フェイク -4-
――おい、あいつが来たぞ!
――やっべ逃げろ!
――殴られるぞ
――カツアゲされるぞ
――あいつには、関わらない方がいいってよ――
「くそ……好き勝手言いやがって……」
苦々しく舌打ちしたのはもう何度目か。
ずいぶん前に、弟をいじめていたクラスメイトらを軽くシメたことなら、確かにあるわけだが。そのことがいつまでも尾を引いて、いまだに無法者扱いなのは腹が立つ。誰も彼も最初からそうと決めつけてかかってくるのだ。

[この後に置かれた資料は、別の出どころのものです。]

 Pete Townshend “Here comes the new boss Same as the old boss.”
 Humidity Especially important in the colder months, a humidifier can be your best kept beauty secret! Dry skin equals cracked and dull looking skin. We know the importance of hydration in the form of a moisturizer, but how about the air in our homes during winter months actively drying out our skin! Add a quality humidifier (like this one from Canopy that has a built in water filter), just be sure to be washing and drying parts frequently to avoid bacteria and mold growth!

『兄ちゃん大丈夫だよ。俺はちゃんとわかってるから。兄ちゃんはみんなが思うような悪いやつじゃないってさ』
弟は常々そう言ってくれるし、バイト先の年長者相手なら意外とうまくやれる。が、同世代との間の壁が厚すぎて、どうしても崩せない。
『変に意地張らないでさ、ためしに言ってみなよ、みんなと仲良くしたいって』
無理だ。誰もが話を聞いてもくれずに自分を拒絶する。
だからときどき、つい思ってしまうことがある。
もしも自分のこのナリが変わったら、現状は変わるのだろうか、と。
+ + + + +
いましがたすれ違った相手は、やけに不機嫌そうに顔をしかめていた。
どこかで見た顔だった気もするけれど――とにかく触らぬ神にたたりなしだ。せいいっぱい目立たないよう注意しながら気配が遠ざかるのを待つ。
ただ、自分にとっての一番の脅威は、ああいう赤の他人なんかではない。
「お。こんなとこにいたのかよぉ女男」
みつかった。
どこからかわらわらと湧いてきた少年らに囲まれて、思わず首をすくめる。いっしょに歩く間に左右から何度も肘で小突かれた。
「いっしょに買い物に行く約束だったろぉ」
「そう……だったっけ」
「そうだって。お前も好きなもの買っていいからさ、オレらの分もよろしくたのむよ」
――断れるだけの勇気があればよかったのに。
切にそうは思うものの、現実の自分にそんな甲斐性はなく。
連れ回されては少しばかり巻き上げられるのが常なのだった。
こんな自分は嫌いだ。
こんな、他人の言いなりな自分は。
消えてなくなってしまえばいいのに。
+ + + + +
「ずいぶんと、不穏だな」
遠目に学生の集団を見かけた。気弱そうなひとりを複数人が囲むようにして歩いていった。本当ならああしたものは、中心の彼が何かしらの強要を受けていないかと確認した上で必要ならば指導したいところだ。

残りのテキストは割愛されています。